Locations featured include the Church of the Holy Sepulchre in Jerusalem, the Ryōan temple in Kyoto, Lake Natron in Tanzania, burning oil fields in Kuwait, the smouldering precipice of an active volcano, a busy subway terminal, the aircraft boneyard of Davis–Monthan Air Force Base, tribal celebrations of the Maasai in Kenya, and chanting monks in the Dip Tse Chok Ling monastery.

The film features a number of long tracking shots through various settings, including Auschwitz and Tuol Sleng, over photos of the people involved, past skulls stacked in a room, to a spread of bones. It suggests a universal cultural perspective: a shot of an elaborate tattoo on a bathing Japanese yakuza precedes a view of tribal paint.

Reissue
Following previous DVD releases, in 2007 the original 65 mm negative was rescanned at 8K resolution with equipment designed specifically for Baraka at FotoKem Laboratories. The automated 8K film scanner, operating continuously, took more than three weeks to finish scanning more than 150,000 frames (taking approximately twelve to thirteen seconds to scan each frame), producing over thirty terabytes of image data in total.

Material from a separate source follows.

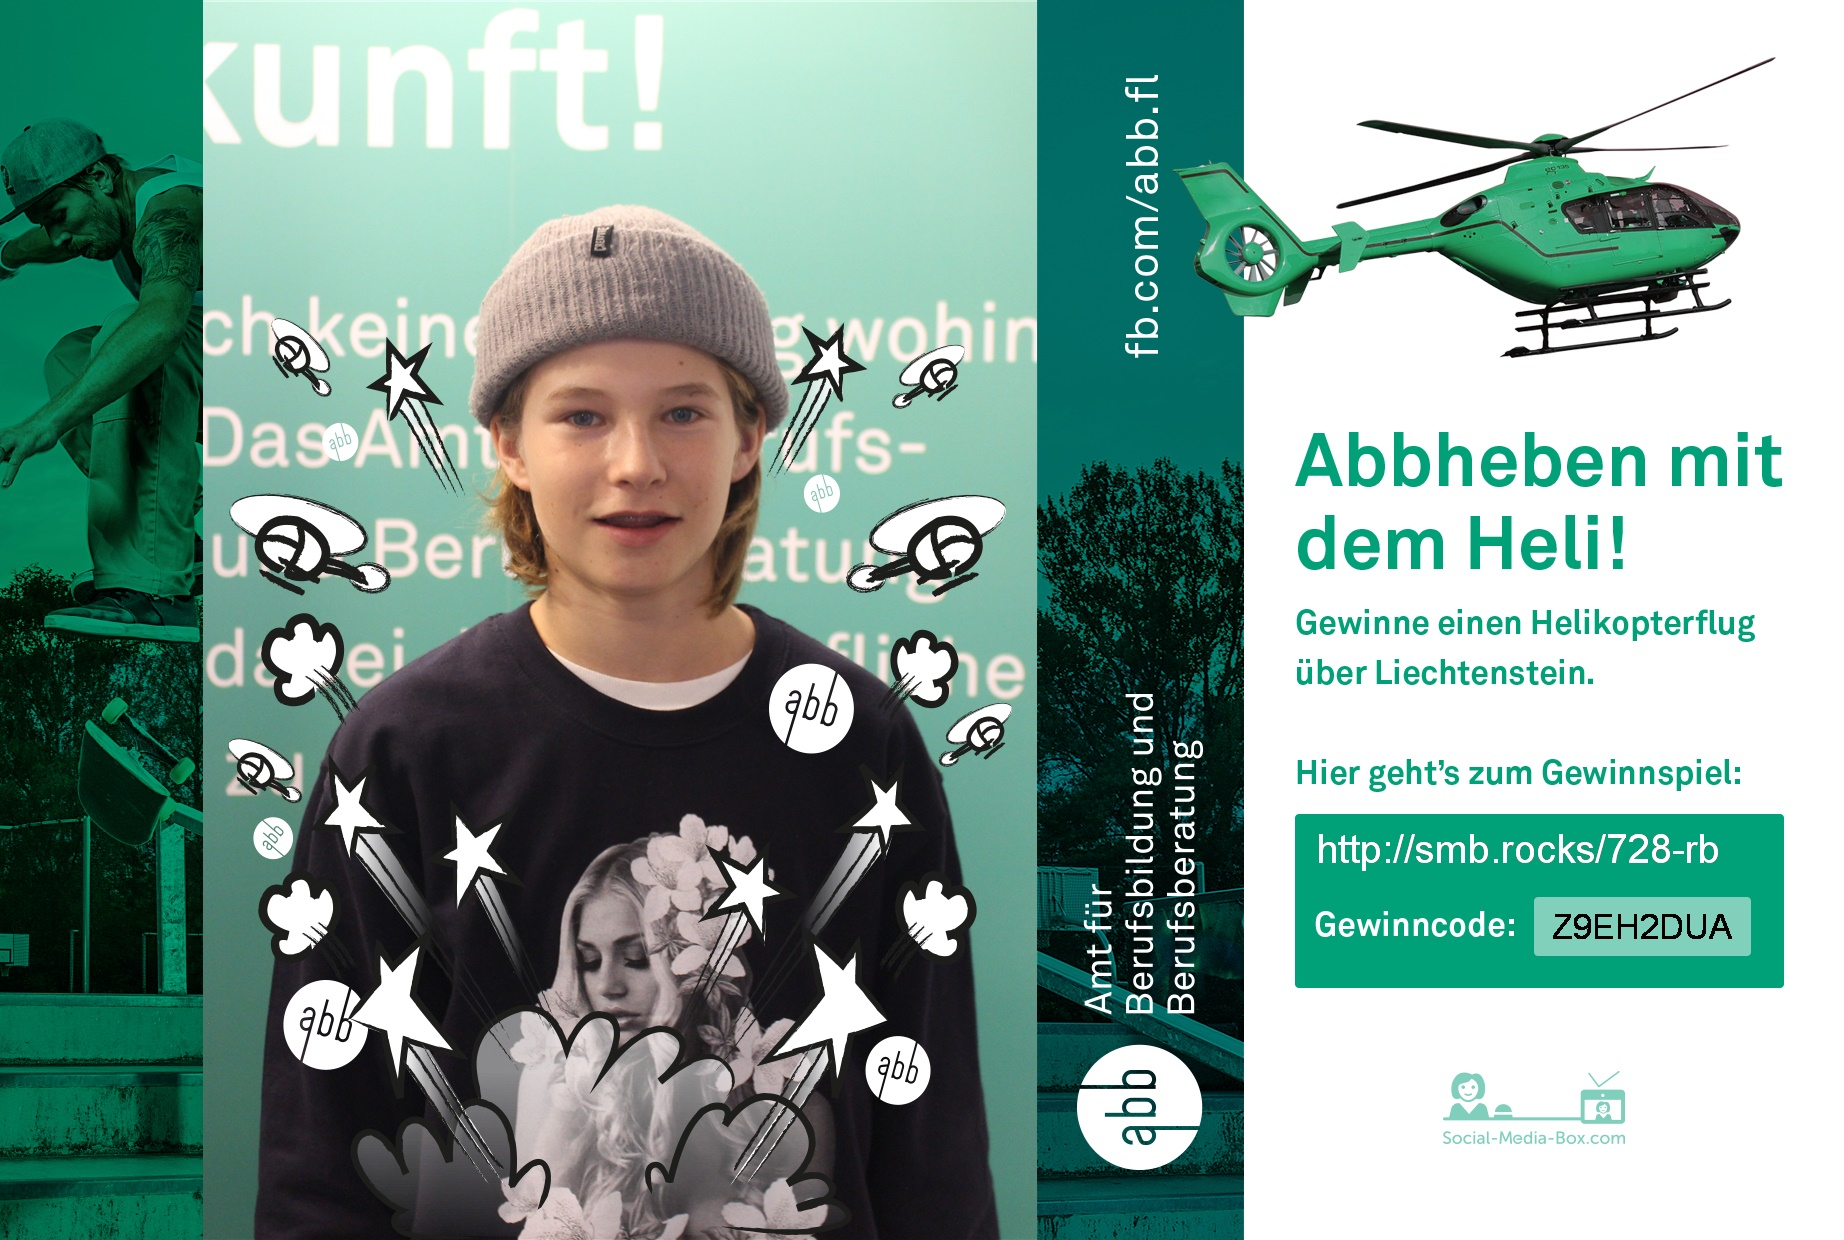 Zeughaus_ABB_next-step_Social-Media-Box_Print3

After a 16-month digital intermediate process, including a 96 kHz/24-bit audio remaster by Stearns for the DTS-HD Master Audio soundtrack, the result was re-released on DVD and Blu-ray in October 2008. At the time, project supervisor Andrew Oran described the reissue of Baraka as "arguably the highest-quality DVD that's ever been made". Chicago Sun-Times critic Roger Ebert described the Blu-ray release as "the finest video disc I have ever viewed or ever imagined."

Sequel
A sequel to Baraka, Samsara, also shot in 70 mm and made by the same filmmakers, premiered at the 2011 Toronto International Film Festival and was released internationally in August 2012.

Reception
Baraka holds a score of 81% on Rotten Tomatoes out of twenty-six reviews. Roger Ebert included the film in his "Great Movies" list, writing: "If man sends another Voyager to the distant stars and it can carry only one film on board, that film might be Baraka."

Production

Music

The score is by Michael Stearns and features music by, among others, Dead Can Dance, L. Subramaniam, Ciro Hurtado, Inkuyo, Brother, Anugama & Sebastiano and David Hykes.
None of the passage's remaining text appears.